Attending school for nearly two years traumatized him, to the point that he adamantly showed us that he did not want to be anywhere near his school. Apparently I should have left him there for his benefit.
We tried medications: they constipated him to the point that he could not urinate, they made him slam his head repeatedly into the floor, they made him hurt himself to an extent I had never seen before, they stopped him from sleeping for 29 hours, and increased his anxiety hugely. Yet I am blamed for “pulling him off his meds”.

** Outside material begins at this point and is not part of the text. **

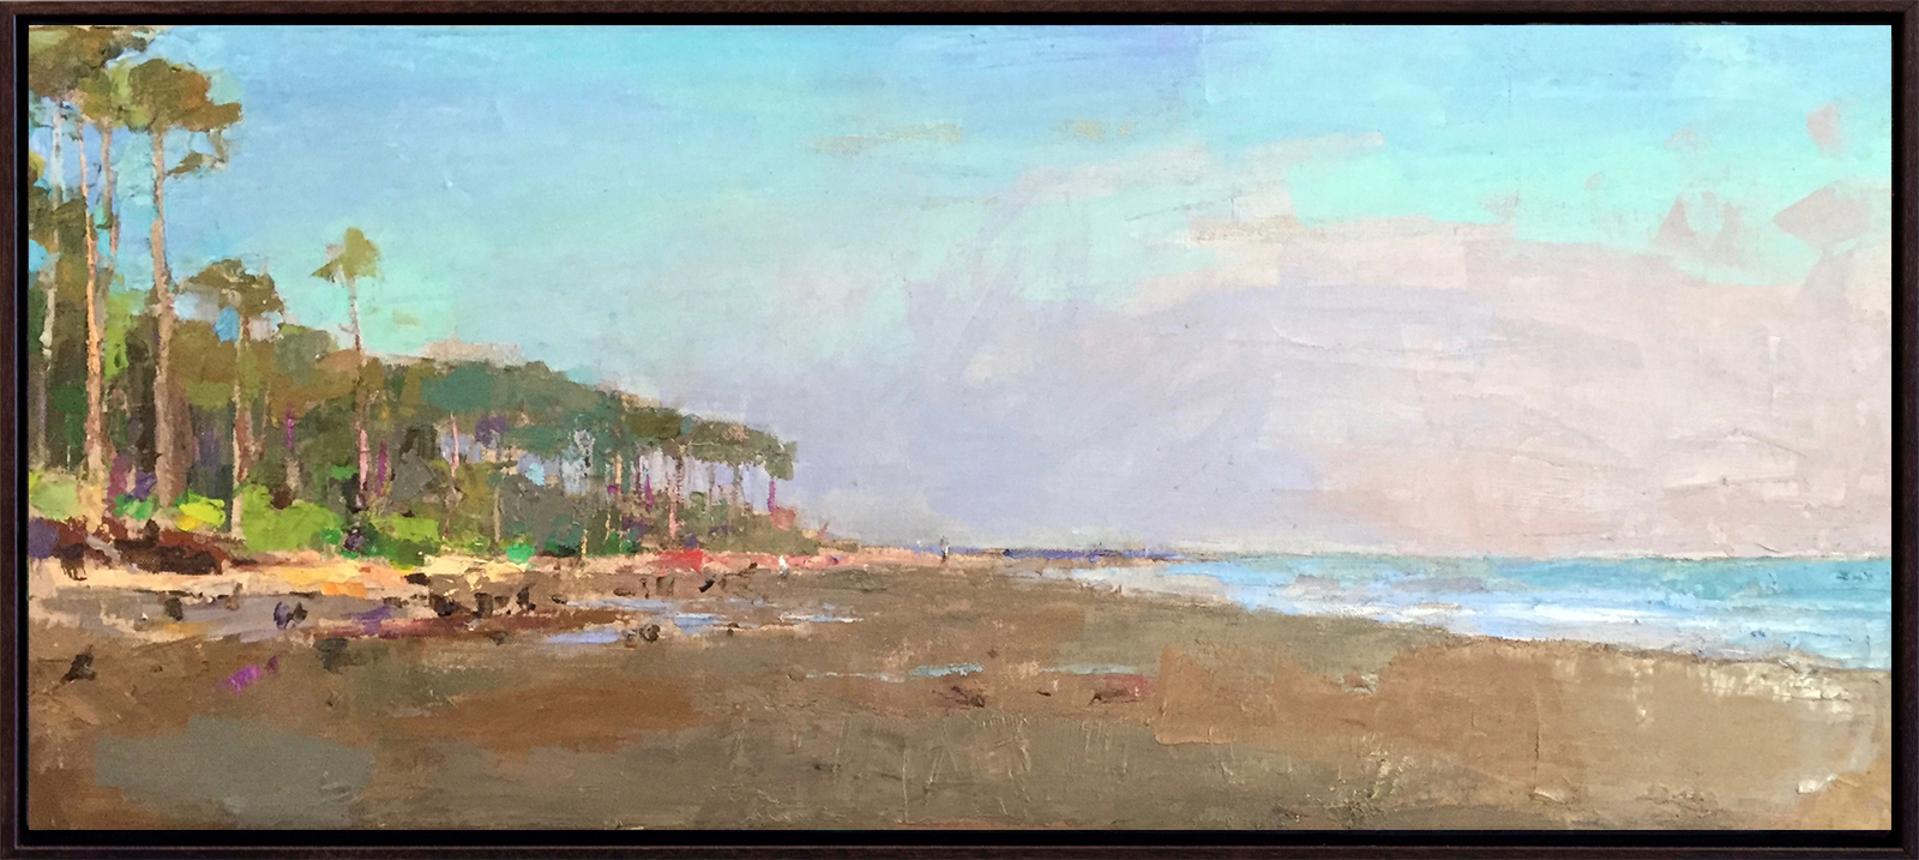 Hunting Island by Larry Horowitz

I am doing the absolute best that I am physically, mentally and emotionally capable of doing for my son, my other children, my husband and myself. I know there may be people out there who have a greater capacity for these things than I do, but they do not live here. They are not here to wipe the tears, to calm the anxiety, to clean up the mess, and to try and hold a family together, that has been subjected to what ‘the public’ would never, ever understand, unless we bring it out in the open.
Am I happy to have shown my son in a state where he was not capable of controlling himself? No. Do I like showing pictures of him naked or semi-naked where anybody can see him? No. Am I glad that I have exposed our messy, chaotic home for the world to see? Absolutely not. Would I have done it if we had received sufficient help and support anytime during the two years we have been asking for it? No way.